Jin Emily, Noble J Alison, Gomes Mireille
Department of Computer Science, University of Oxford, United Kingdom.
Institute of Biomedical Engineering, Department of Engineering Science, University of Oxford, United Kingdom.
Mayo Clin Proc Digit Health. 2023 Jun 13;1(3):247-257. doi: 10.1016/j.mcpdig.2023.04.007. eCollection 2023 Sep.

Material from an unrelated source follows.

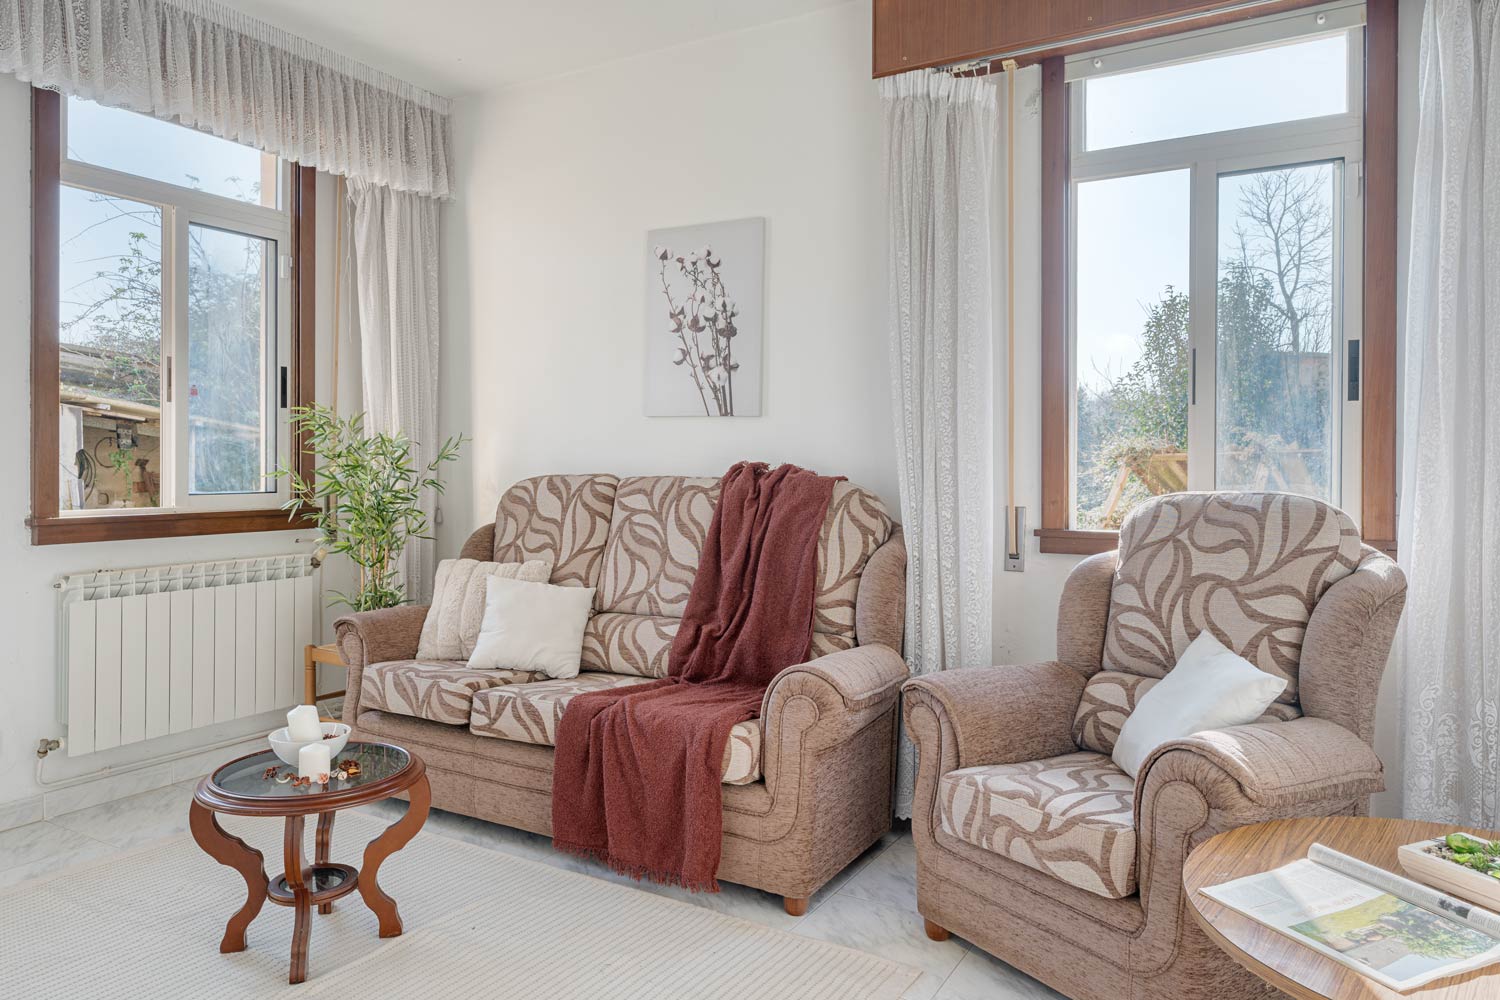 Sala de estar luminosa con sofá y sillones estampados y ventana con vistas al jardín.

Female genital schistosomiasis (FGS) affects an estimated 56 million women and girls in Africa. Nevertheless, this neglected tropical disease remains largely understudied and underdiagnosed. In this literature review, we examine the effectiveness of published computer-aided diagnostic (CAD) algorithms for cervical cancer that use colposcopy images and assess their applicability to the design of an automated image diagnostic algorithm for FGS. We searched 2 databases (Embase and MEDLINE) from database inception to June 10, 2022. We identified 393 studies, of which 13 were relevant for FGS diagnosis. These 13 studies were analyzed for their key image analysis model components and compared with the features that would be beneficial in an FGS diagnostic image analysis system.
据估计,非洲有5600万妇女和女孩感染了女性生殖器血吸虫病(FGS)。然而,这种被忽视的热带病在很大程度上仍未得到充分研究和诊断。在这篇文献综述中,我们研究了已发表的利用阴道镜图像诊断宫颈癌的计算机辅助诊断(CAD)算法的有效性,并评估了其在设计FGS自动图像诊断算法中的适用性。我们检索了2个数据库(Embase和MEDLINE),检索时间从数据库建立至2022年6月10日。我们共识别出393项研究,其中13项与FGS诊断相关。我们分析了这13项研究的关键图像分析模型组件,并与FGS诊断图像分析系统中有益的特征进行了比较。